Ronald "Ron" Styron became Pearl River's principal in 1992, having been assistant principal under Austin. He began a program incorporating principles of site-based management which included greater decision-making on the part of the faculty and staff.

Karen M. DeVillier was named Pearl River's first female principal and stayed from 1998 to 2003.

PRHS has been led by principal Michael E. Winkler since 2003. In 2010, he was given the 'Principal of the Year' award for St. Tammany Parish. He retired from the post of Principal on June 14, 2018. John Priola, former principal at Boyet Junior High in Slidell, Louisiana was the school's principal in May 2018 until June 2021, with Trece Jordan-Larsen becoming the current principal

Pearl River's strong elective program, including vocational courses, complemented a full range of traditional academic subjects. In 1985, the Board of Elementary and Secondary Education changed the diploma requirements, which triggered a curricular shift to one of a college preparatory nature.
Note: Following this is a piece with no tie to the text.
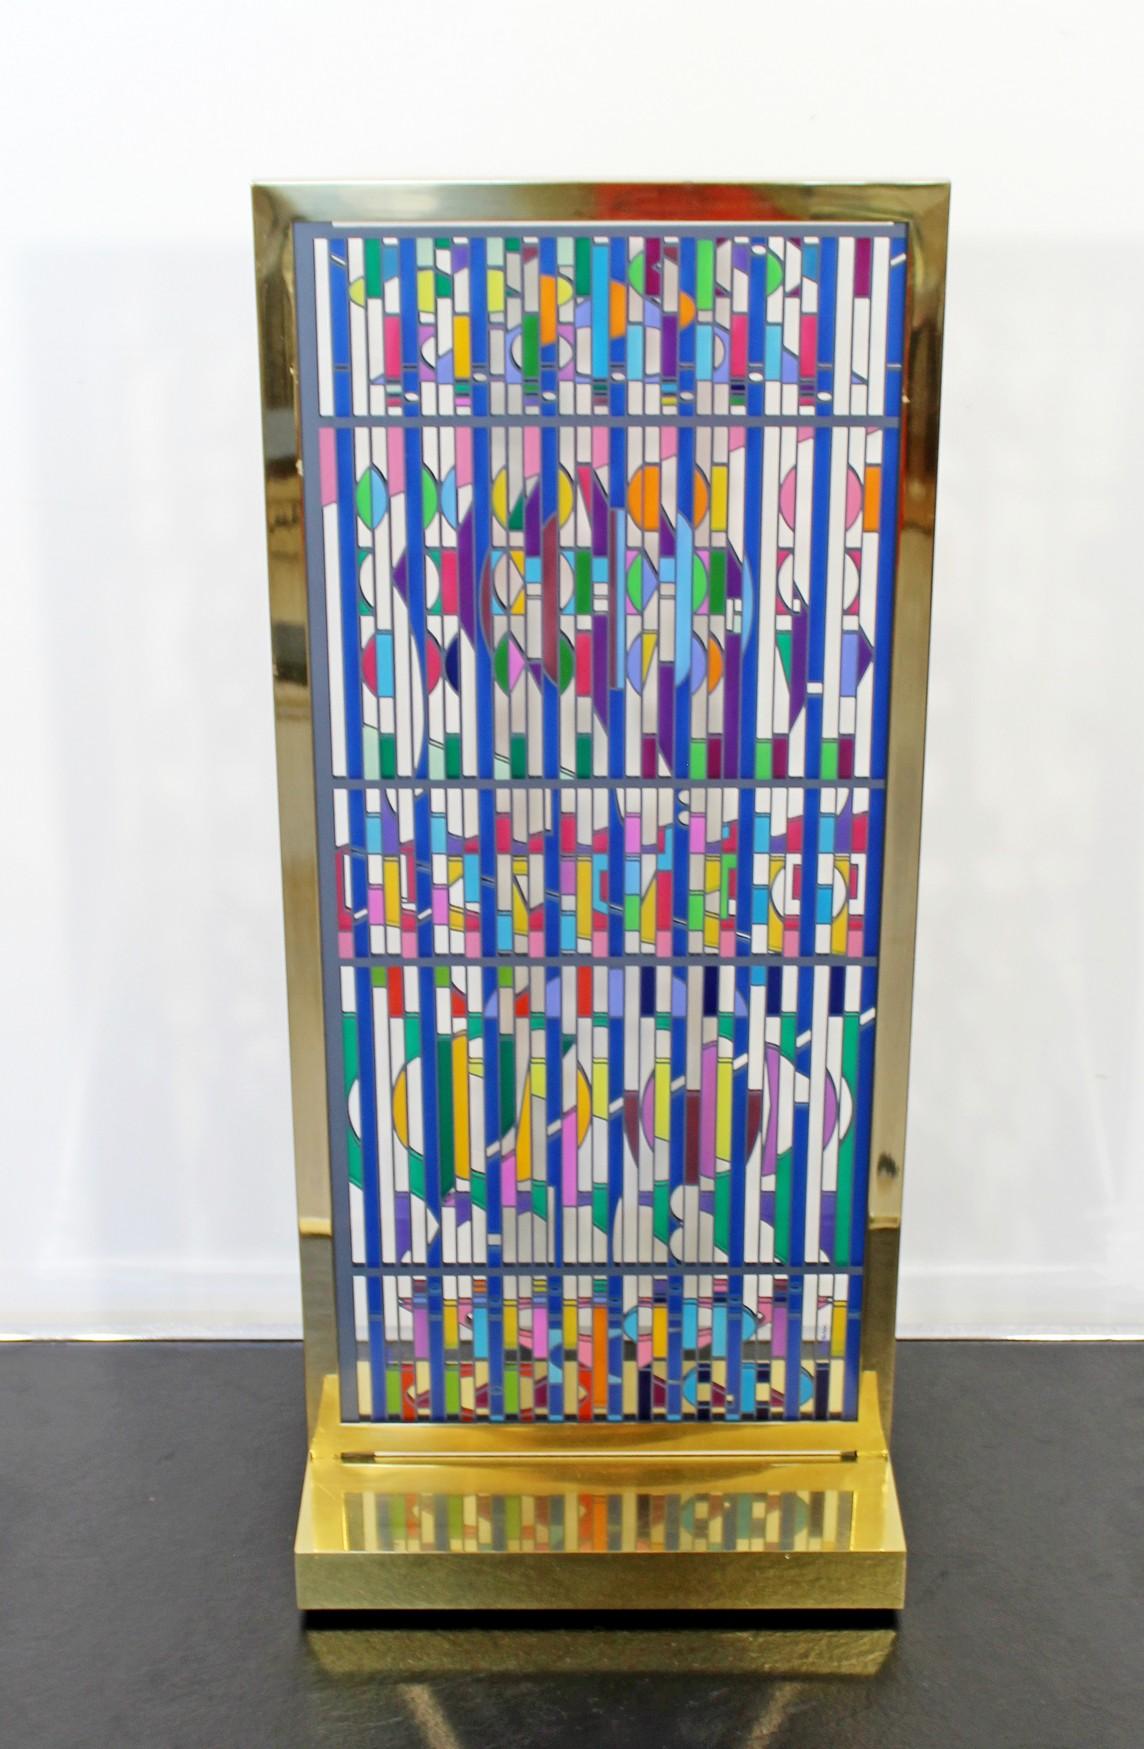 For your consideration is a silkscreen that was printed on movable plexi-glass, hand signed and numbered 81/99 by Yaacov Agam. It is hanging in a gilded brass frame and base Table sculpture. This piece measures 28

Because of the increase in the number of credits needed for a diploma and the type of academic requirements, it became necessary in 1988 to move from a six-period to a seven-period day. This extra credit per school year afforded students a greater chance of graduating within the usual four year time frame. The school still runs of a seven-period day with two lunches due to construction during the 2016-2017 and 2017-2018 school years. It also stimulated curricular expansion which included classes such as speech, newspaper, yearbook, psychology, twentieth century American history, gifted and talented, AP Calculus and a multitude of dual-enrollment courses.

As the population of at-risk students increased parish-wide, so did the number of programs aimed at meeting their needs. Career Opportunity Preparation Education (COPE), Focus on Youth (FOCUS), and Technical Instruction of Mainstreamed Students (TIMS), are some of the major initiatives to address the special concerns of this new student population.

==Athletics==
Pearl River High athletics competes in the LHSAA.